Shit. I forgot that I am supposed to be writing about brunch. SO, after we reminisced, packed everything up and left camp, we went on to find a local gem: The Breakfast Club of Spring Hill. I was starving because our cookout on the camp fire last night had a few accidents which resulted in sacrificing some chicken to the soot.
Again, to our disbelief, this raved about breakfast joint is in a strip mall. Two weeks in a row and we can’t seem to shake off this retail atmosphere. As we sit at our table waiting to be served I look out the window only to see a greyhound adoption table in the parking lot. Skinny dogs everywhere. I envision my head on their long slender bodies and then realize that the reality of it all is actually heading down a path which involves my head being put on a moose. Thanks to these Sunday Brunch Adventures the greyhound factor may never be achievable. The menu looks great. We ended up ordering: biscuits and gravy, chicken fried steak, home fries, hash browns, a side of bacon and an Italian sausage omelette.
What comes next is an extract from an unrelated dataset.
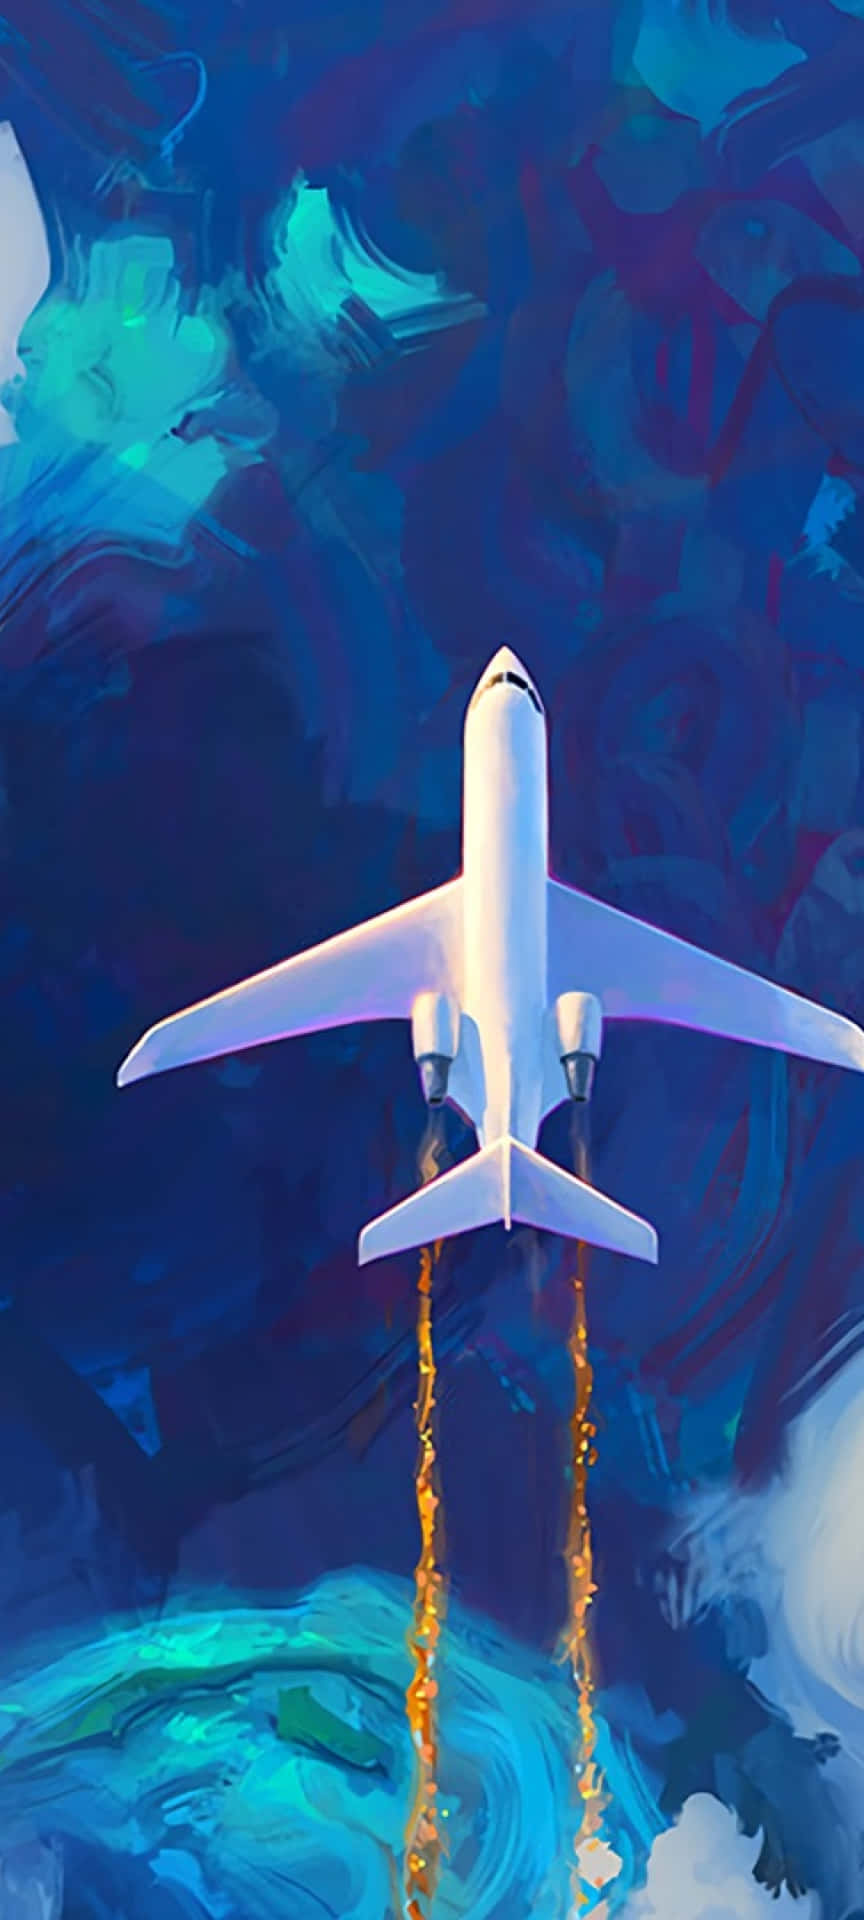 Take Flight with the Iphone Wallpaper

As we waited for our food I took my mind off the greyhounds and decided to take in our immediate surroundings. What a divided crowd. Ryan and I don’t fit in on either side. The Breakfast Club is full of elderly couples. Retired and adorable elderly couples and friends. Every old woman in there has a manicure and pedicure which makes me think that somewhere down the road is a nice little misplaced community. There is no way in hell they came from Chassahowitzka. The other half of The Breakfast Club is complete white trash. Between the facial piercings, tattoos, muffin tops, t-backs, mullets, camouflage attire, jean shorts and hairspray, I just can’t take it. I begin to think that we are fortunate our camping reservation was in between a college class of marine biology losers who were still playing truth or dare years beyond the acceptable age and a couple who snored loud enough to drown out all wildlife. We should be grateful–it could have been worse.
Our food arrived and there was silence for a good 20 minutes as we stuffed our faces. Everything was good but I have to admit that Ryan out-ordered me. His meal was fantastic. For someone who rarely eats country fried steak, I loved it. I wanted to eat the entire thing but after he let me know that he didn’t care for my sausage omelette I realized there was no trade to me made. His sausage gravy was delicious and I did manage to steal more than half of it for my biscuit. Amazing. Also, our side of bacon was cooked exactly how I like it- long and crispy. That always makes me a happy gal.
All in all though, despite pure happiness and satisfaction, it’s safe to say we’ll never be back. We were satisfied with the meal, but we’ll probably never be in Chassahowitzka again and The Breakfast Club is not worth a long drive. In all fairness though, I can’t imagine driving more than an hour anywhere for the sole purpose of food. Moving on kids! More places to be.